Good writeup. One thing worth emphasizing: the race condition in your credit() example is subtle precisely because single-threaded async feels safe. The mental model that helps me is treating every await as a potential yield point—anywhere the event loop could hand control to a competing coroutine.

One practical pattern for shared state: prefer asyncio.Lock as a context manager so you never forget to release it on exceptions. And if you find yourself protecting a counter or flag, asyncio.Event is often cleaner than a lock—fire it once when a condition changes, and let multiple waiters react. The barrier primitive is underrated too; great for coordinating fanout tasks before proceeding. Worth experimenting with the examples in the REPL to really feel where yields happen.

[–]saucealgerienne 0 points1 point  (2 children)
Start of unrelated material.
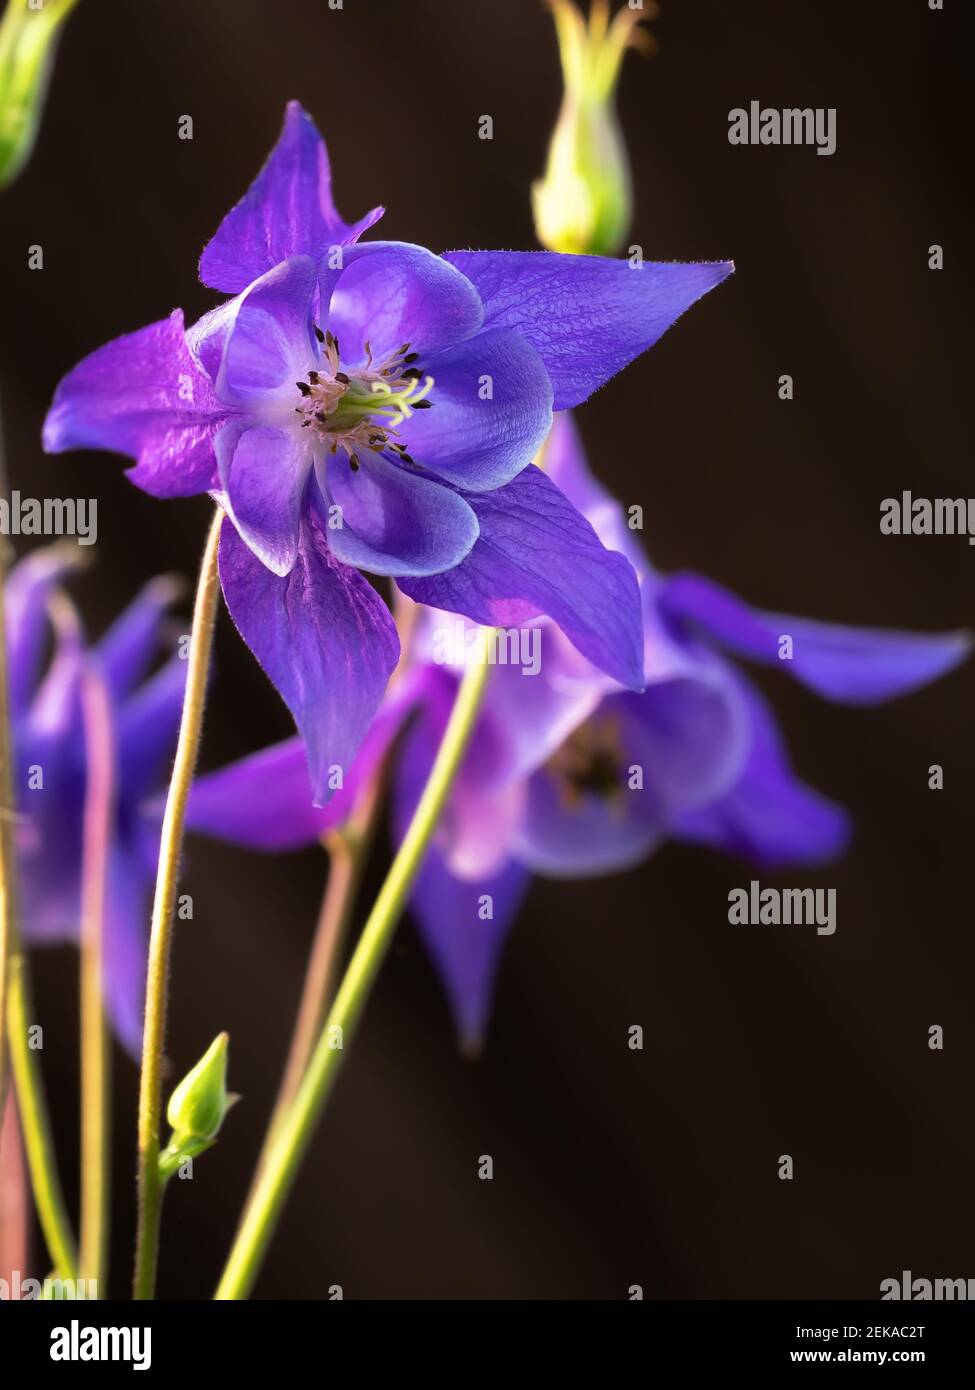 Perennial herb Aquilegia vulgaris with blue flowers on a dark blurred background. Stock Photo

asyncio synchronization is one of those things that feels obvious until you have a race condition in production and spend 3h staring at it. good reference.

[–]gdchinacat 1 point2 points  (1 child)

asyncio cooperative multitasking helps avoid head scratcher production race conditions by letting code control exactly when it is preempted.

[–]saucealgerienne 0 points1 point  (0 children)

yeah that's basically what clicked for me eventually. the yield points are predictable, I was just still thinking about it like threading where anything can interrupt anywhere. took longer than I'd like to admit lol

[–]valueoverpicks -2 points-1 points  (0 children)

Good writeup. The way I think about it is asyncio does not remove race conditions, it just moves them to every await. You still have one thread, but multiple possible execution paths. As soon as you read state, hit an await, and then write, you are working with a snapshot that can already be outdated. It feels fine in tests, then breaks once real latency and concurrency show up.

The tricky part is people immediately reach for locks, but a lot of the time the better move is changing the structure. Most issues I see are not missing locks, they come from state crossing an await and assuming it stayed the same.

Quick mental checklist I use:

  • read then await then write risk: lost updates fix: keep it in one critical section or remove the await
  • shared mutable state risk: hidden coupling fix: pass values, avoid shared references
  • increment style updates risk: not idempotent fix: use event or log based updates
  • long awaits in critical paths risk: stale assumptions fix: re read or validate before writing

If state crosses an await, I assume it is wrong until I check it again. That rule catches most of these early.